Дед полез под передок за сумкой, сразу вынимая и сумку и бутыль из нее. Мельник внимательно следил за тем, как дед достает добро из брички, спросил же совсем о другом и прямо касающемся Матвейки.
— А что он у тебя с брички не сойдет?— осведомился мельник. И, не дожидаясь ответа, обратился уж к Матвейке:
— Первый раз у меня на мельнице?
Матвейка поглядел на деда. Дед и ответил за него:
— Первый. Он ишо так далеко не уезжал из дому, чтоб село с глаз пропадало.
— Нда, это дело серьезное,—сказал мельник.
Дед поставил сумку и бутыль на траву меж оглоблей, затем снял с брички Матвейку: «Побегай!», вдвоем с мельником подняли они и опустили на землю мешки с зерном. Мельник опять пропал и вернулся с огромным, тяжелым тулупом, расстелил его в бричке так, чтоб на одной поле можно было лежать, другой укрываться. «Ну, так что, давай!»— сказал дед Арсений, взял в руки бутыль, потянул за деревянную высокую пробку, окутанную марлей, набулькал в кружку и подал мельнику… Затем сам выпил. Втроем они поужинали. Потом Матвейка лег в тулуп, а дед с мельником говорили рядом, устроившись на мешках и допивая из бутыли.
В тулупе сразу стало жарко и душно, и Матвейка раскрылся, и ветерок обдул его, да от реки потянуло на лицо, когда Матвейка приподнял голову над бортом брички.
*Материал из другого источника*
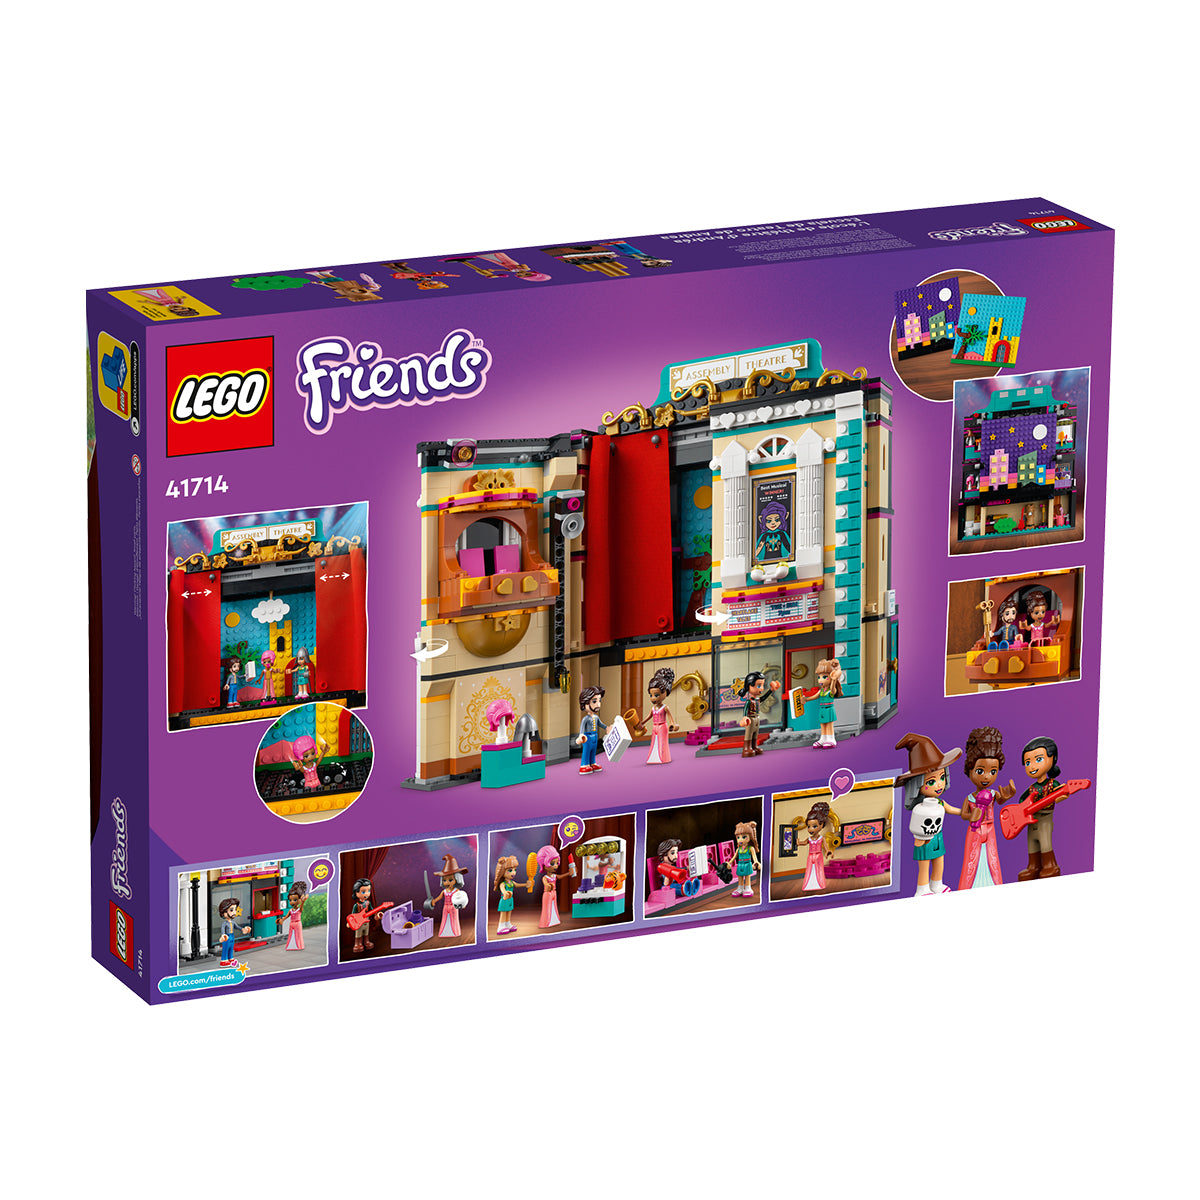 LEGO Friends - Andrea's Theater School 41714

Он лег на спину, сцепил руки за головой и стал смотреть на ветряк, на косой крест в звездах — он четко выделялся на небе, а внизу говорили, где-то шумно вздыхало и иногда глухо било о землю, пролетали над бричкой запахи пыли и травы и чего-то прогорклого и родного, потягивало кизяком и огородной ботвой, все запахи были родные, и Матвейке так и показалось, что он дома, во дворе спит, а дед с бабой говорят внутри дома под открытым окном, только что у бабы голос осип, стал как у мужика. Что-то пронеслось над Матвейкиным лицом и слабо пискнуло, затем потянуло табачным дымом: дед на ночь закурил, ходит по избе, сейчас тоже ложиться будет. Матвейка даже подвинулся в тулупе к мягкому борту, хотя дед и отдельно от Матвейки спал, подвинулся, свернулся да на том уже и засыпать стал и заснул уже, как вдруг качнулся над ним ветряк, качнулся и застрявшим в ворохе звезд верхним крылом своим потянул небо книзу за собой, сместил его, да так низко, что лицо Матвейки вроде погрузилось в туман и у него дух захватило от холода и восторга. Да стал ветряк, повисло у него черное небо со льдами звезд на крыле, и тогда дед Матвейкин, раскрутив, бросил кверху веревку—какую-то узловатую и темную, вроде тех вербных корней — забросил ее на другое, противоположное, крыло и потянул его книзу — да поднялось небо с краю другого, а то уж совсем захолодило оно Матвейку, приподнялось оно, и Матвейка свободно вздохнул. И тут отчего-то ветряк затрясло, как если бы снизу кто ствол яблони тряс, и посыпалось с креста вниз со звоном…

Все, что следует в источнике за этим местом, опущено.